[V5.1 and later]Troubleshooting the installation

 

Overview

If you did not receive the Successful installation message or the INSTFIN: The installation is complete. line in the installation log, use this information to troubleshoot the installation.

 

Steps for this task

  1. Install the base product first before installing the Network Deployment product when installing both products on the same machine.

    Install the base product before installing the Network Deployment product when installing both products on the same machine. The embedded messaging feature is included in the default installation.

    See also: Installing WAS products in order on the same machine, when installing the embedded messaging component

  2. To manage multiple base product Application Servers, install the Network Deployment product.

    The WAS, V5.x product does not provide centralized management of multiple servers. The WAS Network Deployment, V5.x product provides this function.

    The deployment manager process (dmgr) in the Network Deployment product manages a cell of Application Servers. You can federate a base Application Server into the cell or unfederate it. While federated, the configuration of the base Application Server is managed from the deployment manager.

  3. Use the First Steps tool to run the installation verification test (IVT). Select Verify installation. Check...

    install_root\logs\ivt.log

    ...for a summary of test results. Correct any errors and retry.

    The installation wizard automatically starts the First Steps tool at the end of installation.

  4. Check the installation log files for errors after installing:

    During installation, a single entry in...

    install_root/logs/log.txt

    ...points to the temporary log file, /tmp/log.txt

    The installation program copies the file from the temporary directory to the install_dir/logs/log.txt location at the end of the installation. In cases where the installation fails and the install_dir/logs/log.txt has only this one entry to the temporary directory, open the logs.txt file in the temporary directory for clues to the installation failure.
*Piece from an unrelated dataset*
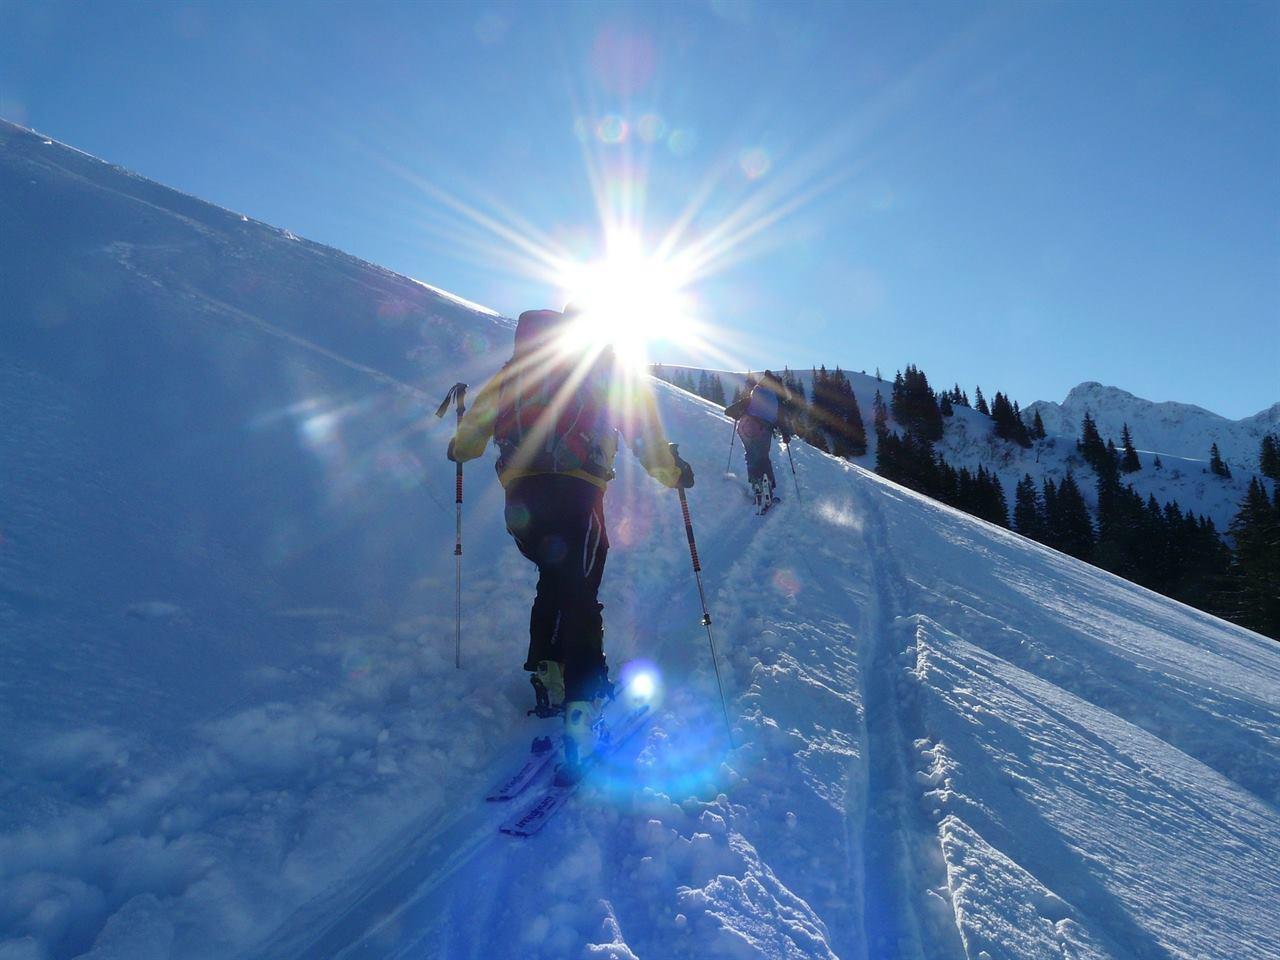 Несколько полезных советов о чем следует помнить во время зимнего похода

Uninstalling creates...

    install_root/logs/uninstlog.txt

    The following table shows the installation log locations when installing the application clients for V5.1. The location is fixed and might not agree with the installation root location if specified a location during installation.

    Installation log locations when installing the WAS Application Clients

    /opt/WebSphere/AppClient/logs/WAS.Client.install.log


    Installation log locations when installing WAS

    IBM HTTP Server ihs_log.txt
    Embedded messaging installation log mq_install.log
    Embedded messaging configuration log createMQ.node.server1.log
    Default application installDefaultApplication.log
    Samples Gallery installSamples.log
    Administrative console installAdminConsole.log
    Migration tools WASPostUpgrade.log


    Installation log locations when installing Network Deployment

    Embedded messaging prerequisites error log mq_prereq.log
    Network Deployment

    log.txt
    uninstlog.txt

    Embedded messaging installation log mq_install.log
    Administrative console installAdminConsole.log
    File transfer installFiletransfer.log
    Migration tools WASPostUpgrade.log

    [V5.1 and later]If the installation program cannot locate the WAS_update directory from disk 2, the installation program fails immediately. The immediate failure leaves the WAS.WBISF.install.log file only in the /tmp directory.
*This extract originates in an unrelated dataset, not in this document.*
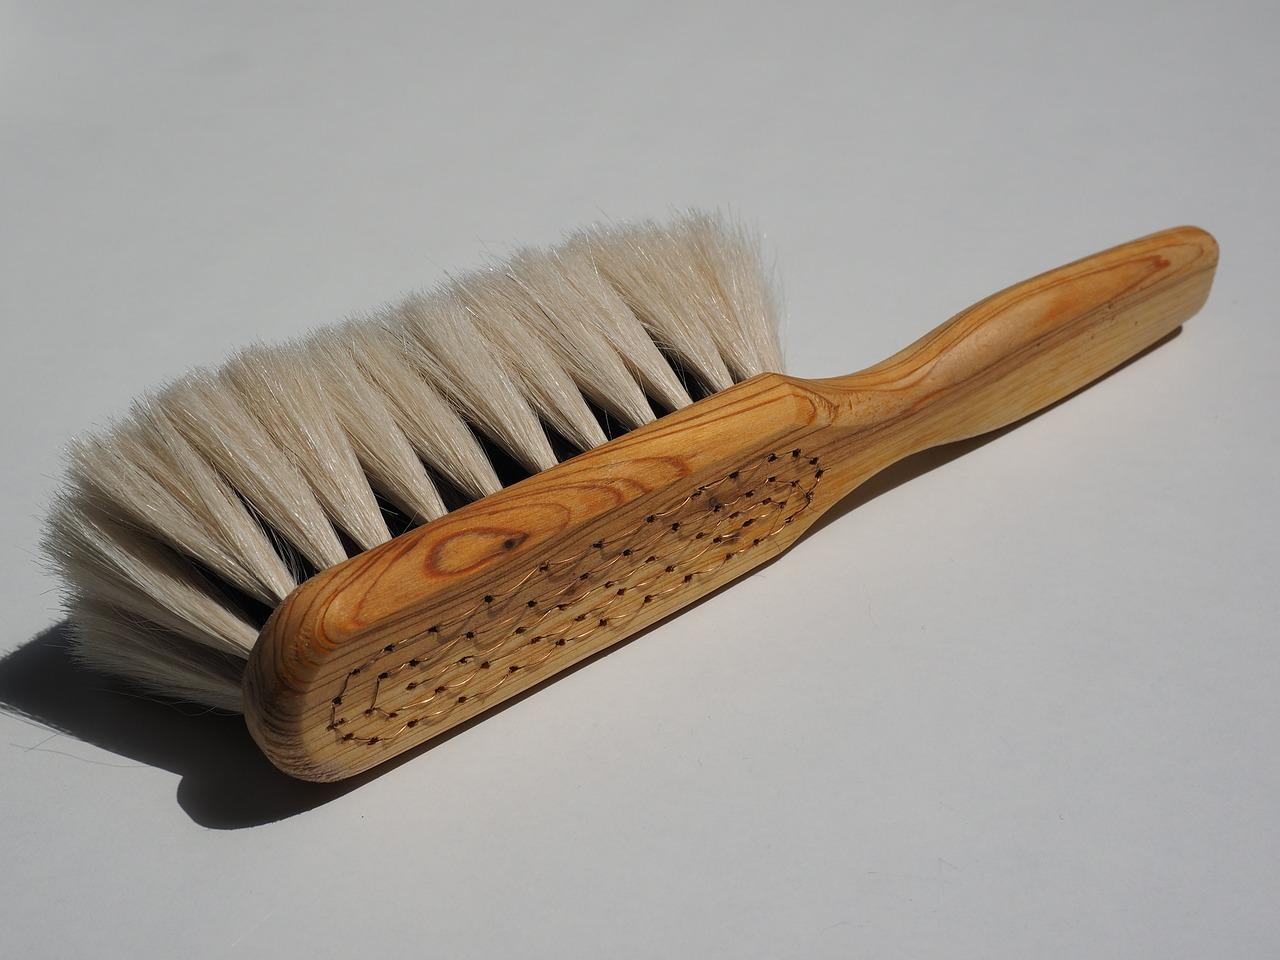 Cepillo facial y cepillo corporal

    Normally, the installation program creates installation logs in the install_root/logs directory. In some instances, such as the one where the WAS_update directory does not exist, the installation program fails before it can copy the log files from the system temporary directory to the /logs directory. If you cannot find the installation log files in the install_root/logs directory, look in the system temporary directory.

  5. See if there are files in the install_root/classes directory. When IBM Support queues work for you and and provides you test or debugging fixes, you are supposed to place the fixes in the install_root/classes directory. By default, the install_root/classes directory is picked up first in the WAS class path to let it override other classes.

    This directory lets you verify or debug a fix. After accepting the test fix or finishing with the debugging of the debug fix, you are supposed to delete the fix from the install_root/classes directory to return the system to a working state. If you do not remove such fixes from the install_root/classes directory, you can experience errors.

  6. Turn on tracing if the installation logs do not contain enough information to determine the cause of the problem.

    • Report the stdout and stderr logs to the console window, by adding the -is:javaconsole parameter to the install command:

      install -is:javaconsole

      ...or capture the stream to a file with the following commands...

      install -is:javaconsole > captureFileName.txt 2>&1

    • Capture additional information to a log of your choice with the -is:log filename option.

    • Turn on additional installation logging by passing...

      -W Setup.product.install.logAllEvents="true"

      ...to the install command...

      install -W Setup.product.install.logAllEvents="true"

      If you install on an AIX 5.1 system, with maintenance level 2, it is possible that the Web-based system manager, a standard component of AIX systems, already uses port 9090. When starting the server you get information that port 9090 is already in use. To resolve the conflicting port use, change the port assignment for the HTTP_TRANSPORT_ADMIN port in the server.xml file. The file path is:

      /usr/websphere/appserver/config/cells/cell/nodes/node/servers/server1/server.xml

  7. Use the First Steps tool or the command line method to start the Application Server.

    To start the server from the command line:

    startServer.sh server1

    If you enable security, specify the -user and the -password parameters of the command.

  8. Verify whether the server starts and loads properly, by looking for a running Java process and the Open for e-business message in the SystemOut.log and SystemErr.log files.

    If no Java process exists or if the message does not appear, examine the same logs for any miscellaneous errors. Correct any errors and retry.You can find the SystemOut.log and SystemErr.log files in...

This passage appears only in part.